In this article, we will discuss cache-friendly code in C++ with its working and several examples.
What is the Cache-friendly code in C++?
Programming that maximizes memory access patterns to make the most of the CPU cache a quick, compact memory intended to hold frequently requested data is referred to as "cache-friendly code". In proper cache management, programs run much faster because of the faster retrieval of information compared to the speed for accessing information from RAM (main memory). Proper cache management in C++ positions our data and algorithms close together by placing related or frequently requested data near each other in memory to ensure that cache misses, which are caused by the absence of important aspects in the cache.

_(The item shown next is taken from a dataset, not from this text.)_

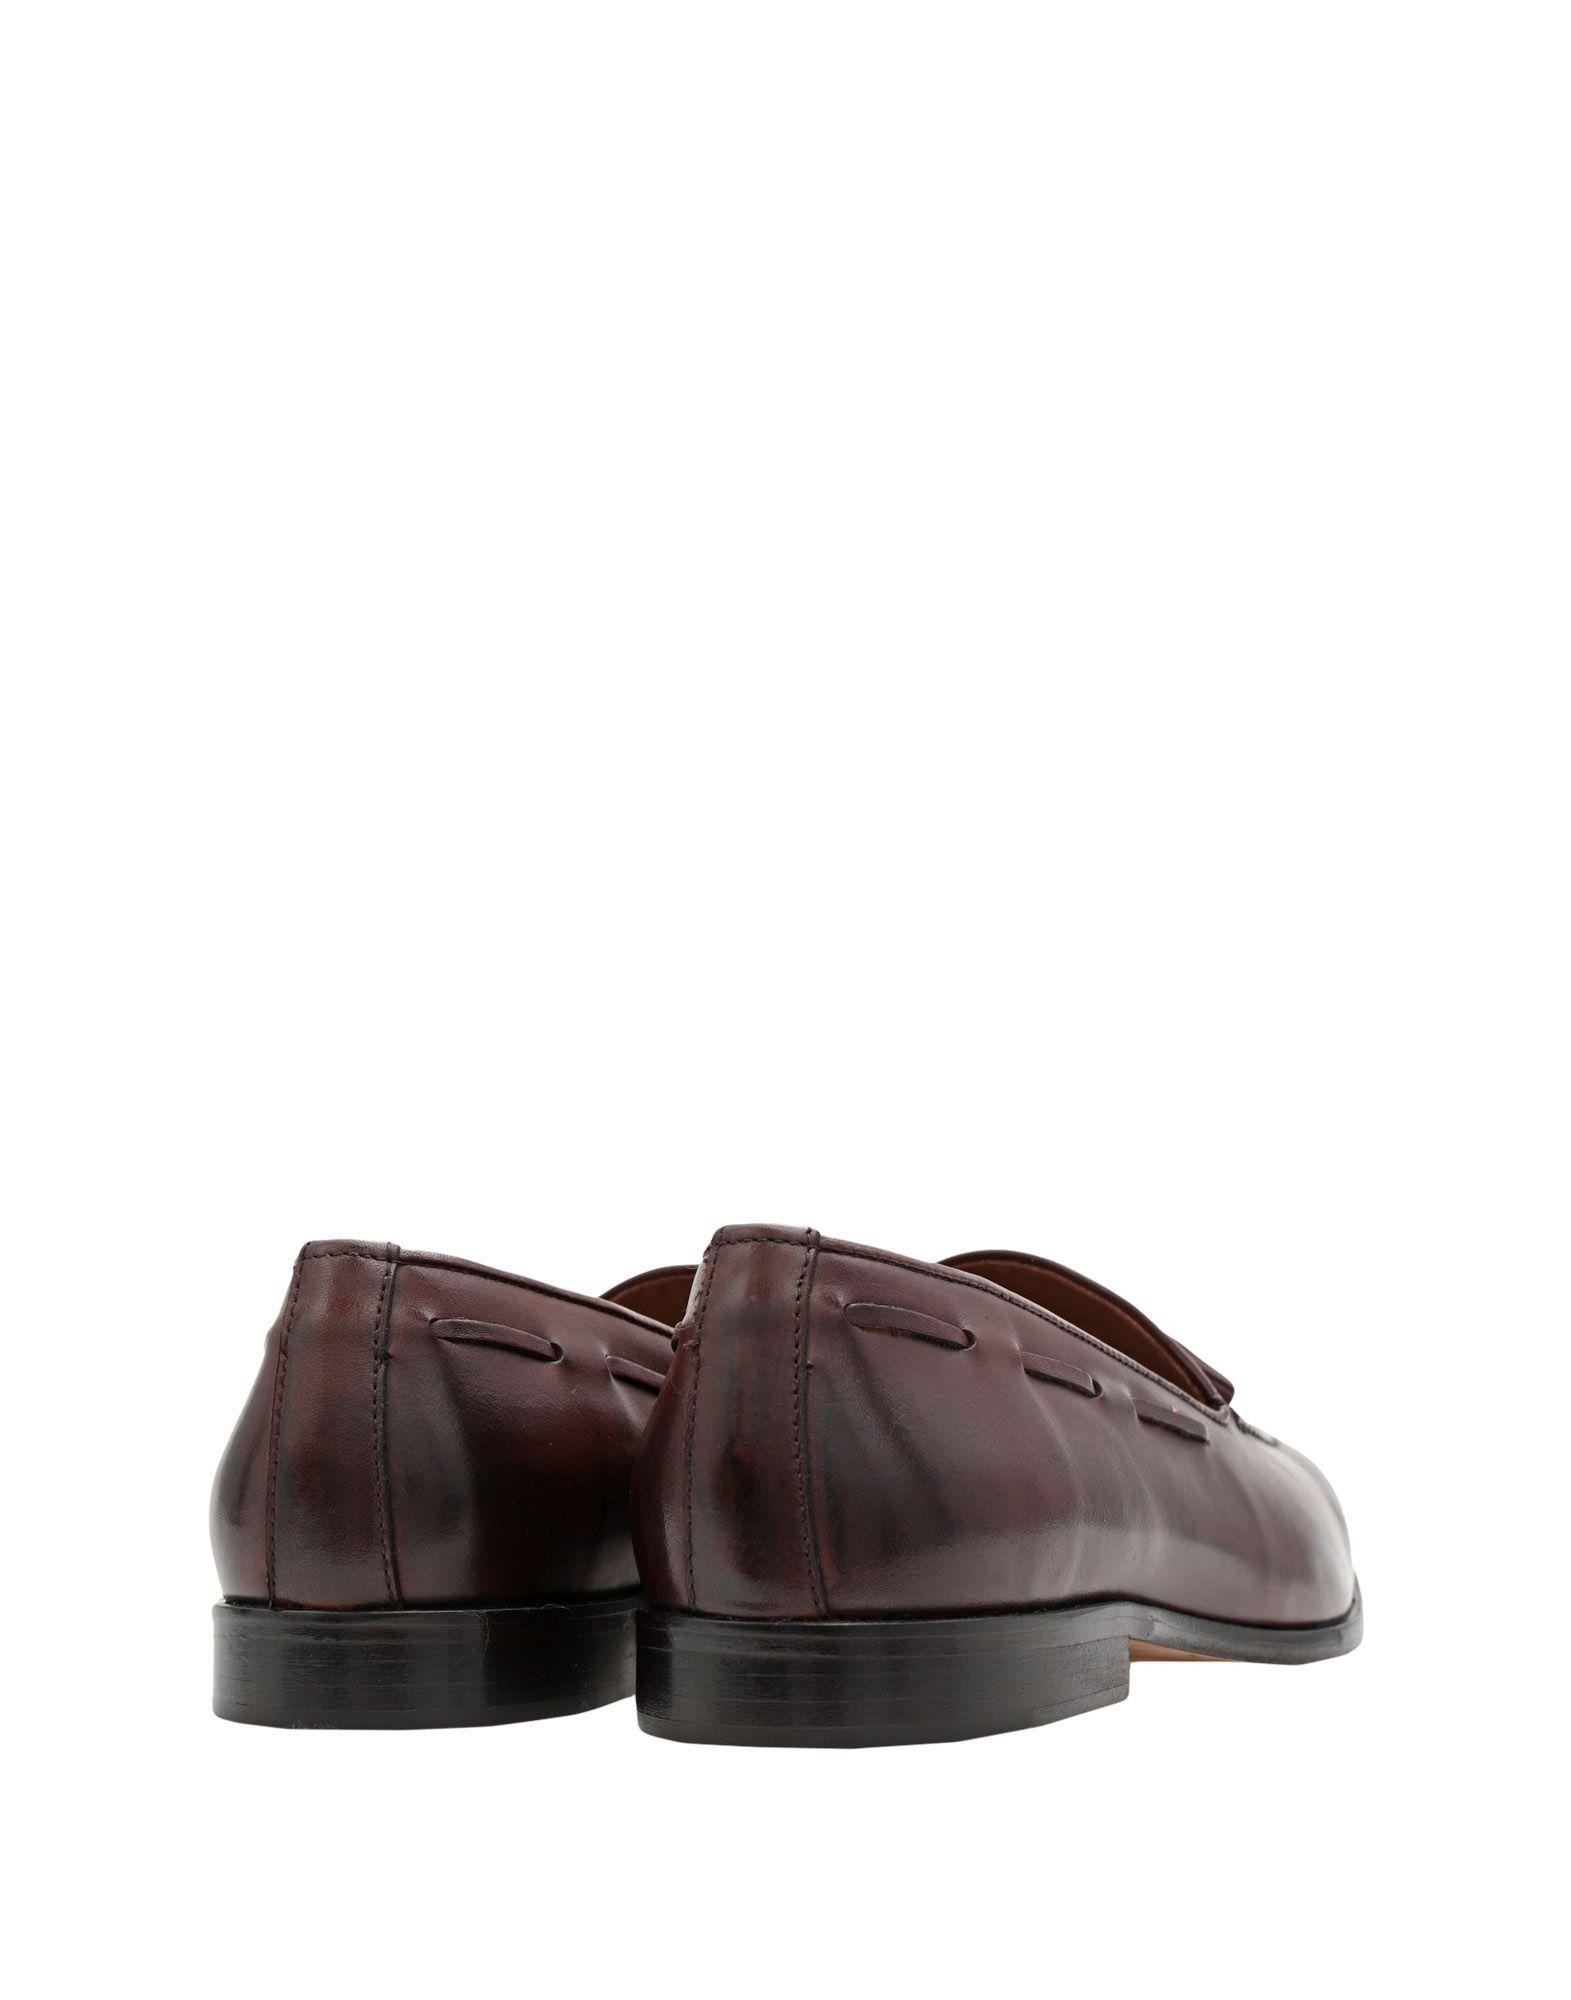 Leonardo Principi Mokassins Qualität Herren  11524289HS Gute Qualität Mokassins beliebte Schuhe 32d71e

The reason cache friendliness matters:
Memory operates significantly more slowly than on contemporary systems. Performance bottlenecks may occur on a CPU that must wait for data to load from RAM. Programming performance can be greatly increased by optimizing code and data structures to use the cache as efficiently as possible.
Example 1:
Let us take an example to illustrate the Cache-friendly code in C++.
#include <iostream>
#include <chrono>
#include <vector>
int main() {
const int size = 10000;
// Dynamically allocate 2D array using vector of vectors
std::vector<std::vector<int>> matrix(size, std::vector<int>(size, 0));
// Cache-friendly: Accessing by row
auto start = std::chrono::high_resolution_clock::now();
for (int row = 0; row < size; row++) {
for (int col = 0; col < size; col++) {
matrix[row][col] += 1; // Row-major access (contiguous in memory)
}
}
auto end = std::chrono::high_resolution_clock::now();
std::chrono::duration<double> diff = end - start;
std::cout << "Cache-friendly row-major time: " << diff.count() << " seconds\n";
return 0;
}
Output:
Cache-friendly row-major time: 0.484802 seconds
Explanation:
In this example, iterations are performed over rows by the outer loop, and over columns by the inner loop. The output is contiguous memory access in a row-major order, which is very optimal and maximizes cache usage.
Example 2:
Let us take another example to illustrate the Cache-friendly code in C++ .
#include <iostream>
#include <chrono>
#include <vector>
int main() {
const int size = 10000;
// Dynamically allocate 2D array using vector of vectors
std::vector<std::vector<int>> matrix(size, std::vector<int>(size, 0));
// Cache-unfriendly: Accessing by column
auto start = std::chrono::high_resolution_clock::now();
for (int col = 0; col < size; col++) {
for (int row = 0; row < size; row++) {
matrix[row][col] += 1; // Column-major access (non-contiguous in memory)
}
}
auto end = std::chrono::high_resolution_clock::now();
std::chrono::duration<double> diff = end - start;
std::cout << "Cache-unfriendly column-major time: " << diff.count() << " seconds\n";
return 0;
}
Output:
Cache-unfriendly column-major time: 0.96013 seconds
Explanation:
This example's 2D array is less cache-friendly because we access it column by column due to non-contiguous memory access. Because 2D arrays are stored in C++ in row-major order, accessing elements in a column-major style often leads to cache misses.
Example 3:
Let us take another example to illustrate the Cache-friendly code in C++.
#include <iostream>
#include <chrono>
#include <vector>
int main() {
const int size = 10000;
// Dynamically allocate 2D array using vector of vectors
std::vector<std::vector<int>> matrix(size, std::vector<int>(size, 0));
// Cache-friendly: Accessing by row
auto start = std::chrono::high_resolution_clock::now();
for (int row = 0; row < size; row++) {
for (int col = 0; col < size; col++) {
matrix[row][col] += 1; // Row-major access (contiguous in memory)
}
}
auto end = std::chrono::high_resolution_clock::now();
std::chrono::duration<double> diff = end - start;
std::cout << "Cache-friendly row-major time: " << diff.count() << " seconds\n";
return 0;
}
Output:
Cache-friendly row-major time: 0.587543 seconds
Explanation:
- Allocating the Matrix: Because of the size of the matrix, it is best to dynamically allocate it using std::vector to avoid stack overflow issues.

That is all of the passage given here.